Context: was looking for a decent service to give me a calendar a little while back but one thing that kept stopping me is there seems to be absolutely no service that just offers you a nice calendar, its only email services that happen to offer a calendar on the side.
I don’t want another email. I have enough, and my current one is tied down to gmail (but I’d prefer if my calendar wasn’t).
I’m sure there must a historical reason for this, but also why is does it still persevere?
One is a scheduling and time management thing, the other a communication system. I don’t need to sign up for a messaging app to have a todo list.
The two aren’t even well integrated smh.
Mainly because email is used so heavily for scheduling. For example, I emailed my tattoo artist back and forth a ton recently then they sent me a calendar invite that automatically got added for my shared calendar
I recently tried to get away from outlook as my primary email / calendar. Tried a couple of different providers only to discover just how reliant I am on having seamless calendar invites.
Manually attaching .ICS files to email was not going to cut it. No matter how good caldav is for my phone to desktop, I need to easily make events / respond to them.
I’d suggest Google because they integrate calendar, email, chat, teleconference, and mapping pretty well. But, that’s kinda like jumping from the frying pan into the fire.
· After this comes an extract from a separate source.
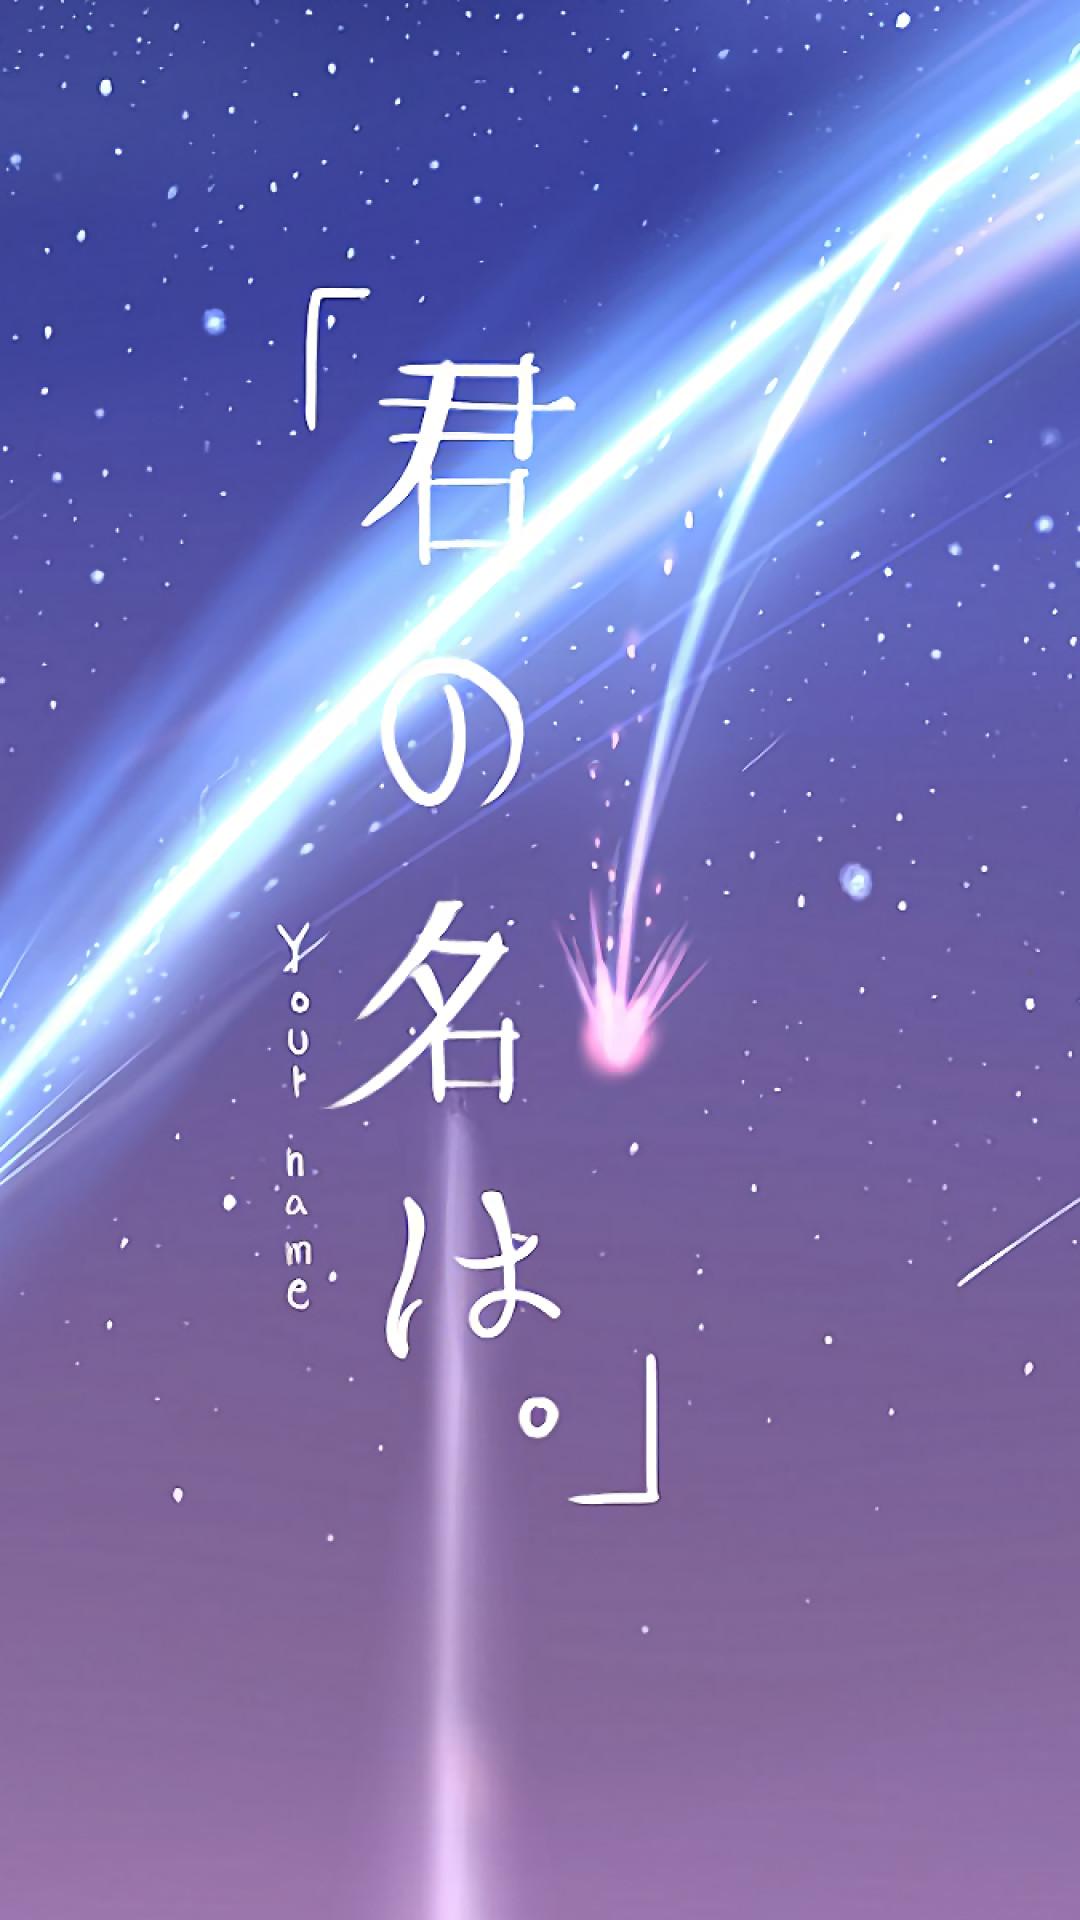 Kimi No Na Wa 1080p Wallpaper Posted By Sarah Thompson

Shared calendars do honestly work alot better in Google than anything using Outlook though.
Indeed it would be. I’ve recently degoogled by installing Graphene on my phone too.
I’d never really used my gmail account for email or calendar previously anyway as I never liked it from the start. It’s just what my android’s have been tied to.
You can also host your own, check out radicale! Is quite simple.
thought about it, not sure it’s worth it. Also, would have to use python
Probably because that’s how most people know it from work. There it comes from Microsoft Exchange, Lotus Notes (I think) and Gmail.
Personally I have my calendars on my own Nextcloud instance. That’s mainly for files. But I use that anyways, so getting calendars, contacts and passwords was a nice bonus.
The biggest reason they’ve been tightly coupled historically has been event notifications and invitations. It’s a lot easier for one email client to both create the event in the calendar, and send the event metadata (.ics file) to the invitees.
Nowadays, it’s honestly much simpler to have them entirely separate, at least for personal use. My partner and I use a shared NextCloud calendar which works well on both iOS and Android using CalDAV. Much simpler than Google/microsoft/icloud’s sharing options.
Hi, fruux.com is what you’re looking for.
Most email services allow you to forward mail to other addresses, and download all your mail to move it to another provider.